Sparkling Wine: Pilsner

Bubbly, whether it's Champagne, California Sparkling, Sekt or Cava is refreshing and crisp, and goes with almost any food you can imagine, especially in the Brut (dry) styles. 

Pilsner beers, a light lager modeled after the Czech example, are also crisp and incredibly refreshing. You can go as light as a mass-market lager, but for the heft and intensity of a good Sparkling wine or a Champagne you'll want a European or Craft version. 

There aren't currently any sparkling wine kits on the market, but the good news is you can make your own, with just a few extra steps and a really good, crisp white, like this one

Pinot Noir: Pale Ale

Pinots tend to be more delicate than Cabernets and less lush than Merlot and less tannic than Italian reds, with gentle fruitiness and restrained tannins. Pale Ale (not to be confused with India Pale Ale, we'll get to that) are heavier and richer than Pilsner or light beer, but still lean towards balance: the malt and hops work together for an easy-to-drink beer that should finish gently and happily on the palate.

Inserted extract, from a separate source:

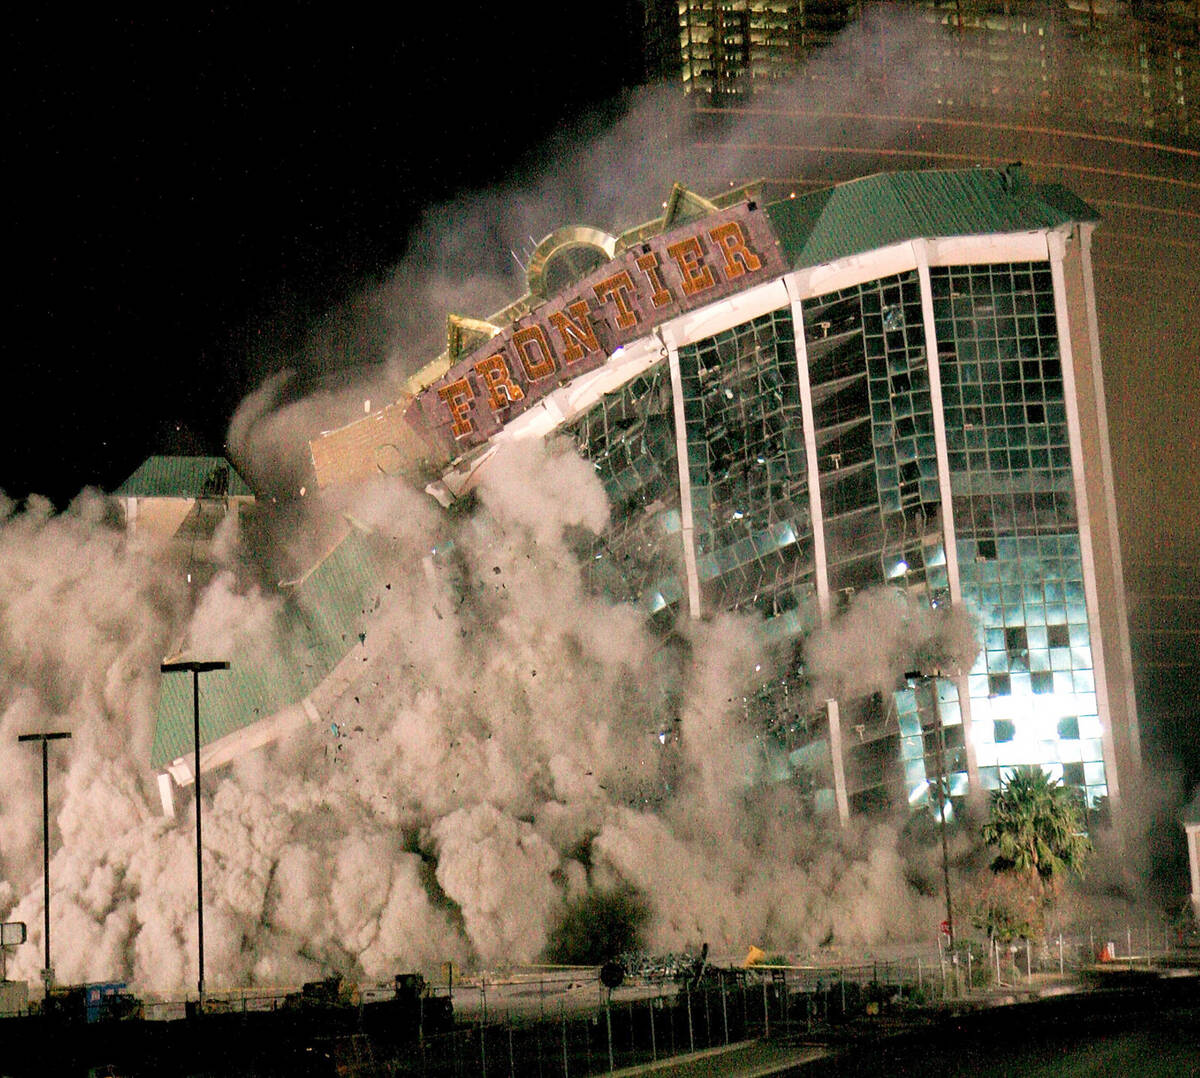 The New Frontier was imploded Nov. 13, 2007, to make way for a hotel that would resemble New Yo ...

Merlot/Carmenere/Malbec: India Pale Ale

These wines tend to be full-bodied, intense and either massively fruity, or merely hugely fruity with a really firm, tannic grip on the finish. IPA's are similar: malty, fruity and generally very bitter, with a generous dose of hop aromas, and higher alcohol levels that drive body and complexity. Wherever you'd drink a 'big' red, IPA will fill in nicely. 

Chardonnay: Wheat Beer

Chardonnay is the chameleon of the vineyard, returning a different wine in response to a change in terroir, weather, technique, or even just random chance. However, they almost all share notes of green apple, citrus and stone fruit, the cool climate versions a little more restrained, hot climate ones crazy with tropical character. Oaked versions show off vanilla and toastiness. All of these goings-on make Wheat Beer a natural. Wheat gives a slight tartness and refreshingly crisp character to a beer. Many are fermented with yeasts that give spicy, complex notes of cloves and some are even spiced with orange or coriander. The wheat gives a silky, almost oily weight on the palate, making this beer as big as it is refreshing. 

Cabernet Sauvignon/Nebbiolo: Stout and Porter

If Cabernet Sauvignon is the King of Tannins, Italian Nebbiolo must be the Emperor: Bold and high in alcohol, the fruit tends to take a backseat to tannins in these wines, with swingeingly dry finishes that go on for a long time. Dry Stout and Porter rely more on dark grains to balance their malt character than hops, giving them long finishes that manage simultaneously to be strong and rich without giving you palate fatigue. They're generally easy-to-drink: some people confuse their dark character with excessive body or heaviness, but that isn't so, and they're generally a great beer to serve with rich dishes. 

Amarone-style: Belgian Tripel

Amarone-style wines like our Rosso Ardente, are the Incredible Hulk of red wines. They start off well-mannered and normal, but after a dose of partially dried grapes they wind up the palate-buster of all reds, with immense tannins, over-the-top levels of extract, and a flavor that takes minutes to finish. Belgian Tripel, as its name suggests, uses three times the malt of a standard beer. Special Belgian yeast lets it ferment to a high alcohol level, giving it complex fruity, estery notes, a slightly sweet finish and they are generously hopped to balance any sweetness. A fabulous and contemplative sipping beer, Tripel is one beer you want to be sitting down to drink. 

Next Steps

One of the best beverage writers of all time was fond of saying that beer is a playground, not a prison, and that there were days that went by when he didn't drink wine--but never two in a row. If you're an accustomed wine drinker, feel free to branch out and try something new--and the good news is that if you wind up liking beer, it's pretty much a snap to begin making your own alongside your wine.